Re: [RFC] Allow %expect and %expect annotations on rules

bison-patches
[Date Prev][Date Next][Thread Prev][Thread Next][Date Index][Thread Index]
Re: [RFC] Allow %expect and %expect annotations on rules

From:	Akim Demaille
Subject:	Re: [RFC] Allow %expect and %expect annotations on rules
Date:	Wed, 27 Feb 2013 14:42:57 +0100
Hi Paul!

Le 27 févr. 2013 à 01:28, Paul Hilfinger <address@hidden> a écrit :

> Especially when writing GLR parsers, I'd like to be able to document
> (and check) rules where I'm depending on GLR to resolve conflicts.  The
> enclosed patch provides that.  I'd appreciate your comments.

Wow, how on Earth did we never think about that before!
That's a very nice idea!

> At the moment, the patch allows you to document just SOME of the rules
> involved in conflicts, and makes no additional comment on rules where
> you don't.  It also still requires one to give an overall %expect or
> %expect-rr declaration for total conflicts.  Perhaps if one comments any
> one specific rule, all others should be considered as marked with 0
> expected conflicts, and the overall declarations should not be
> required.  Again, I'd appreciate your thoughts.

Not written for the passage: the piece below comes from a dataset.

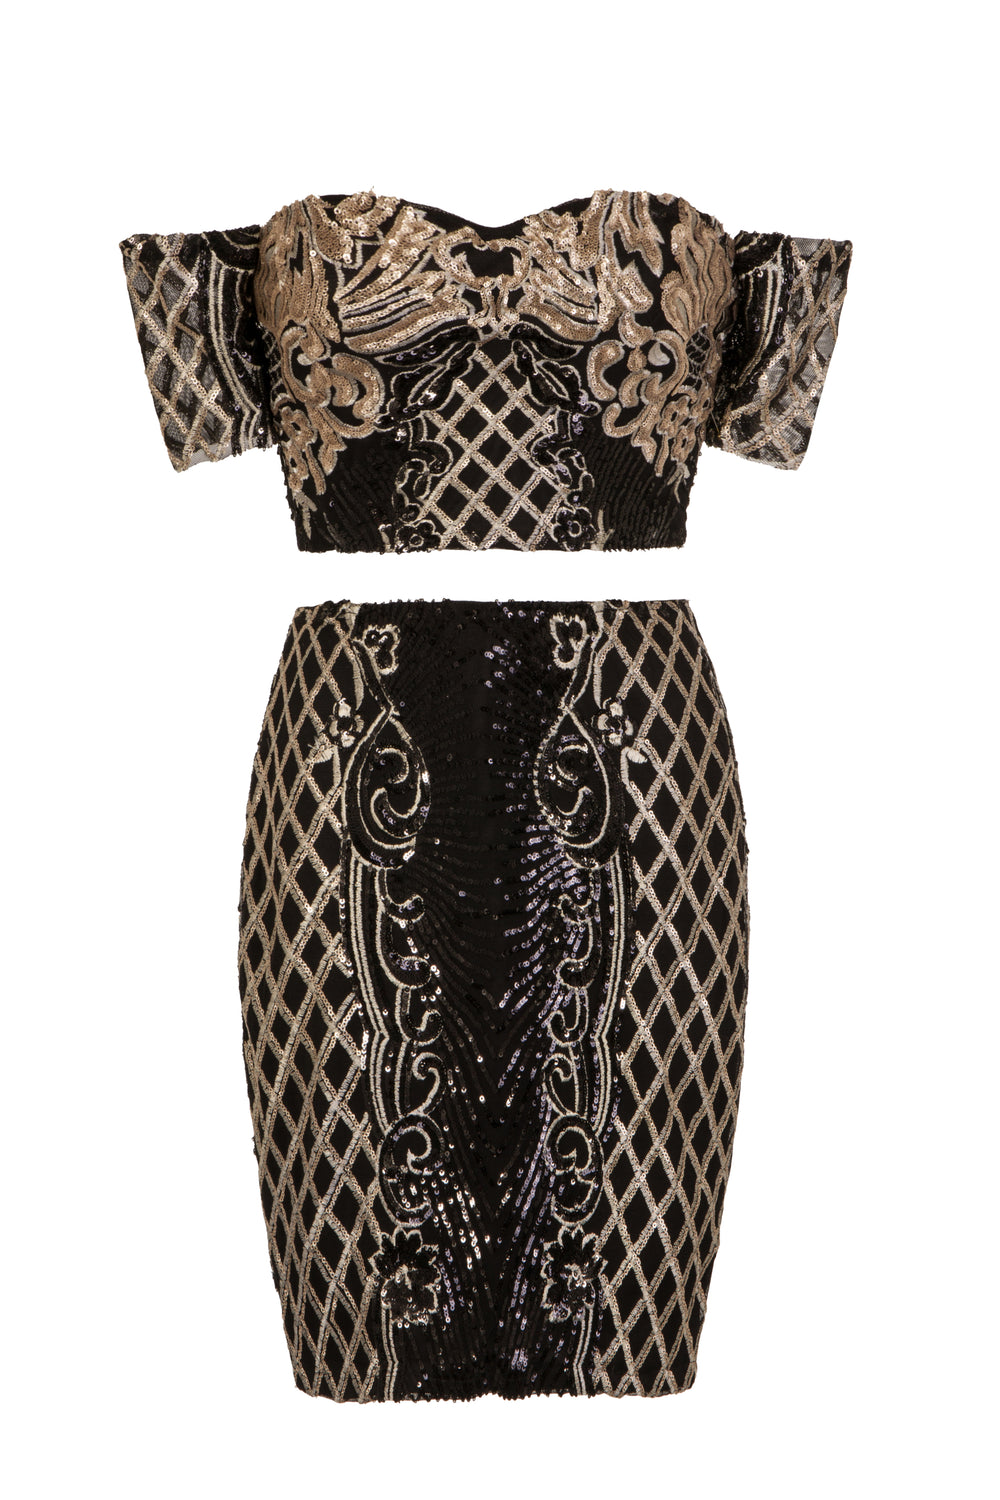 Baddie Vip Black Gold Sequin & Embroidery Two Piece Skirt Top Co Ord Set

If the information is just redundant between both, I would make them
exclusive: use either global or local annotations, but not both.  And
yes, if used once, it is enabled for everywhere.  Something like what
Joel suggested for %empty: _unless_ -Wno-empty-rule was specified, any
use of %empty enables -Wempty-rule.

Actually, why did you chose to count the number of conflicted states
by rule rather than the number of conflicts themselves (I think
about the number of conflicted reductions)?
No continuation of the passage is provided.